SELENUS was created by composer Oleg Troyanovsky together with a team of designers, artists, and cultural historians — each bringing their discipline to a single idea: that personal identity can be encoded in sound.

Oleg Troyanovsky

Composer

Troyanovsky is a composer and media artist based in New York, trained at the Moscow Tchaikovsky Conservatory. His work finds music inside systems that were never meant to produce it: chemical elements, heraldic emblems, historical codes, prison alphabets, names, and dates. The material often originates from hidden words or real-world data encoded directly into the score — drawing structure from lived reality.

This line of work includes Periodic Table, a composition derived from the structure of the chemical elements; Music Found in a Coat of Arms, a sound installation translating a family heraldic emblem into music; Encrypted in Music, a documentary on hidden codes in classical composition, which received the Grand Prix at Prix Italia in 2015; Radio Symphony Musical Observatory, which received a Special Prize at Prix Europa in 2015; and Tap Code Songs, an interactive sound installation presented as part of Pictures from the Dead House at the Mead Art Museum, Amherst College — in which the secret tap alphabet used by political prisoners became the source of music.
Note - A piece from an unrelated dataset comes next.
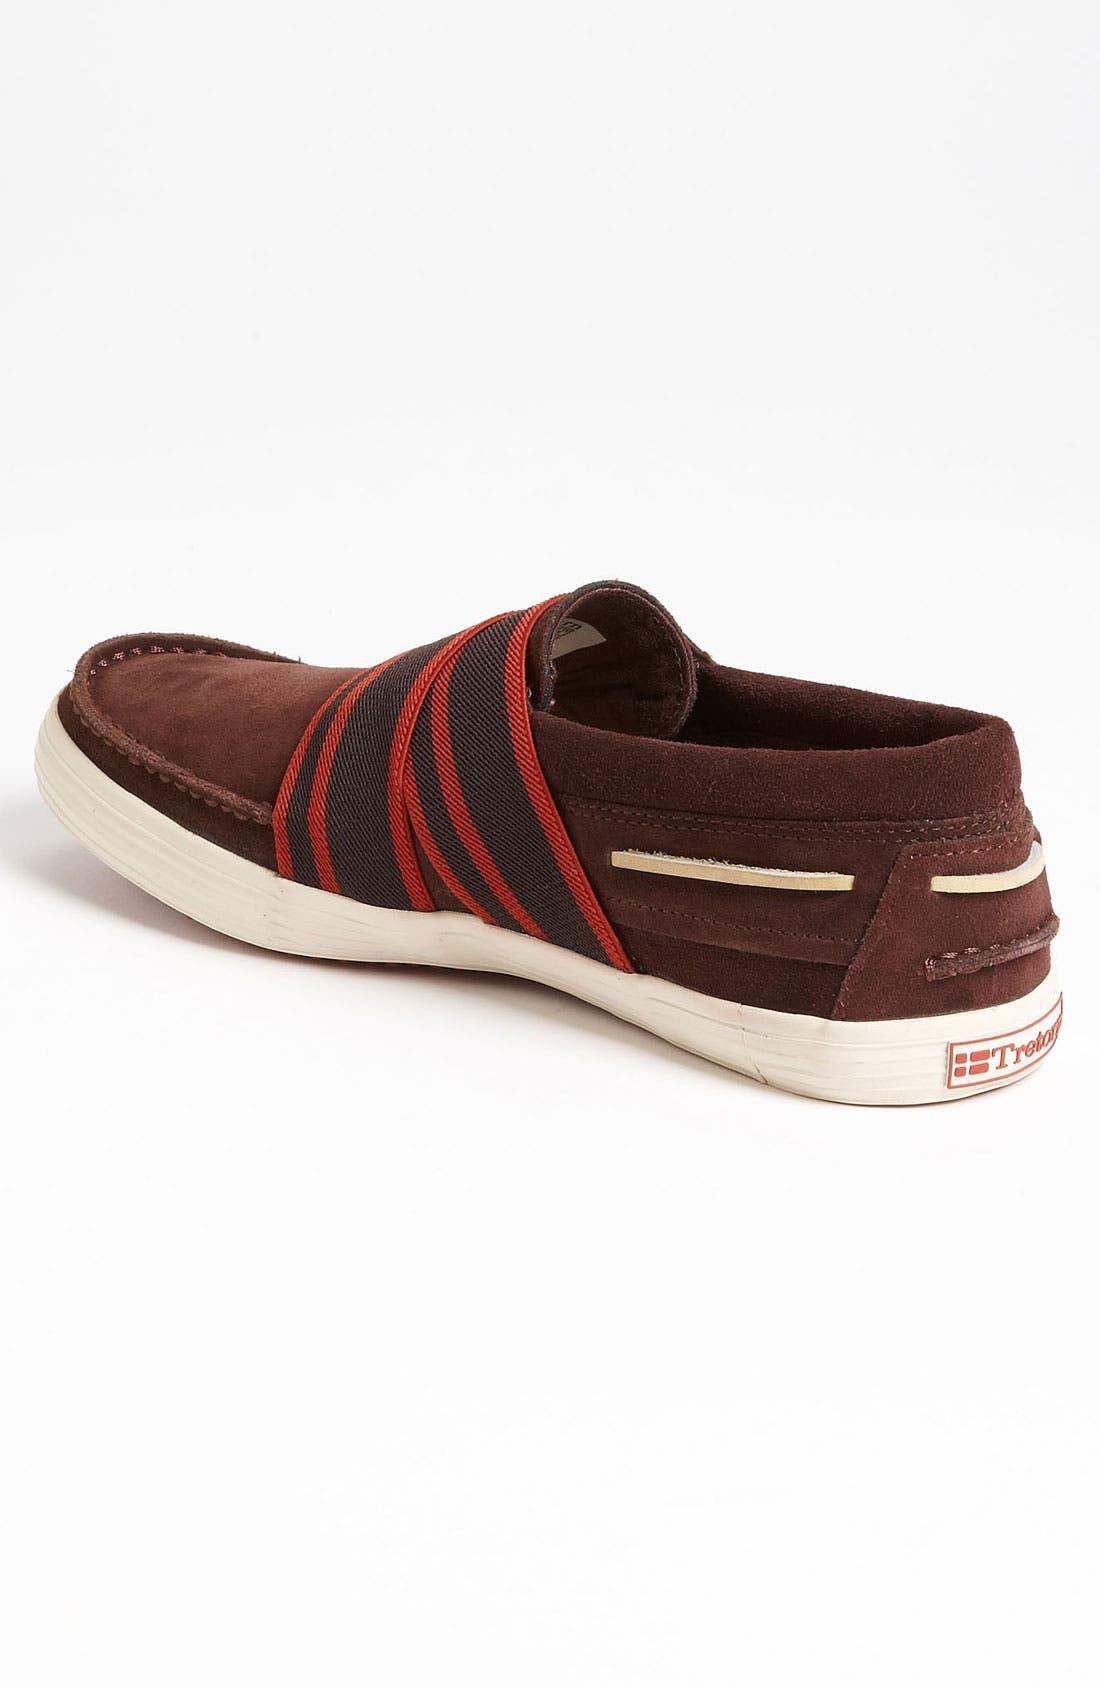 Alternate Image 2  - Tretorn 'Bligh' Sneaker

His music has been performed by the London Symphony Orchestra and presented in museums, theaters, broadcasts, and film projects across Europe and the United States. In 2020 he was among the winners of the HBO / Warner Bros. Westworld Scoring Competition, judged by J.J. Abrams, Jonathan Nolan, Lisa Joy, and Ramin Djawadi.

SELENUS began as a private commission — an original piano piece encoding two names and a date, made as a wedding gift. It became a project when the central question of Troyanovsky’s work turned toward the most personal material: a name, a date, and the person behind them.